Railway line in Germany

The Gau Algesheim–Bad Kreuznach railway is a twin-track, non-electrified main line railway in the German state of Rhineland-Palatinate. It connects Gau-Algesheim on the Left Rhine line (Linke Rheinstrecke) with Bad Kreuznach on the Nahe Valley Railway (Nahetalbahn) and is thus part of a regionally important transport corridor between the two state capitals cities of Mainz and Saarbrücken in the Saarland.

==History ==

During and after the Franco-Prussian War of 1871, there were a number of rail projects to facilitate the transportation of troops and war matériel to the French border. In 1871, the Prussian state railways opened the Alsenz Valley Railway (Alsenztalbahn) from Bad Münster am Stein to Kaiserslautern. In 1879, a line from the Rhine-Main area parallel to the Nahe Valley Railway had already been discussed, but only at the end of the 19th century did it seriously figure in the War Department's plans.

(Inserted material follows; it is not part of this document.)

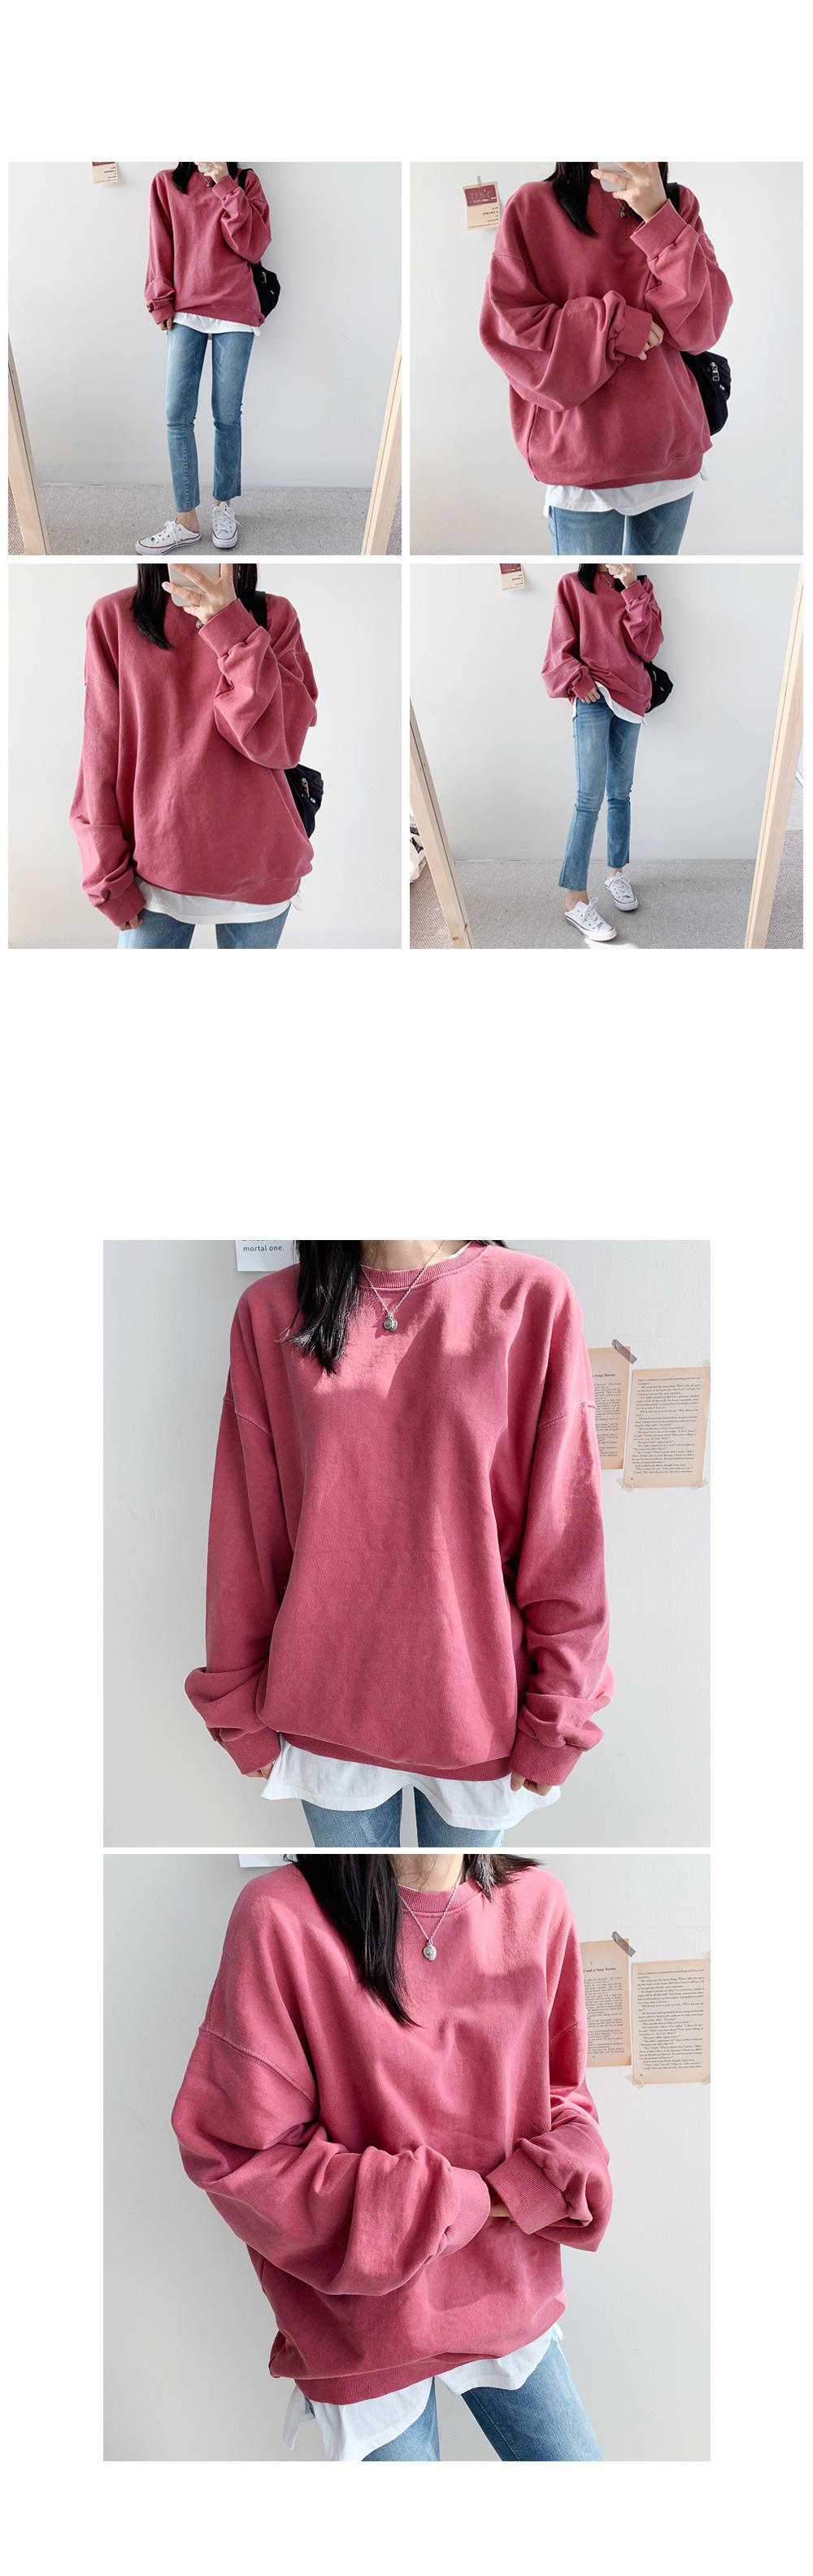 Pipi Pigment sweat shirt

The Gau Algesheim–Bad Kreuznach railway was opened as a strategic railway on 15 May 1902. It used a short section of the Rheinhessen Railway from Worms via Alzey to Bingen between Büdesheim-Dromersheim and Gensingen-Horrweiler.

In 1904, this was followed by a line on the east bank of the Nahe, connecting Bad Münster and Odernheim on the Glan Valley Railway (Glantalbahn) independently from the existing Nahe Valley Railway. The section between Bad Kreuznach and Bad Münster was rebuilt with four tracks.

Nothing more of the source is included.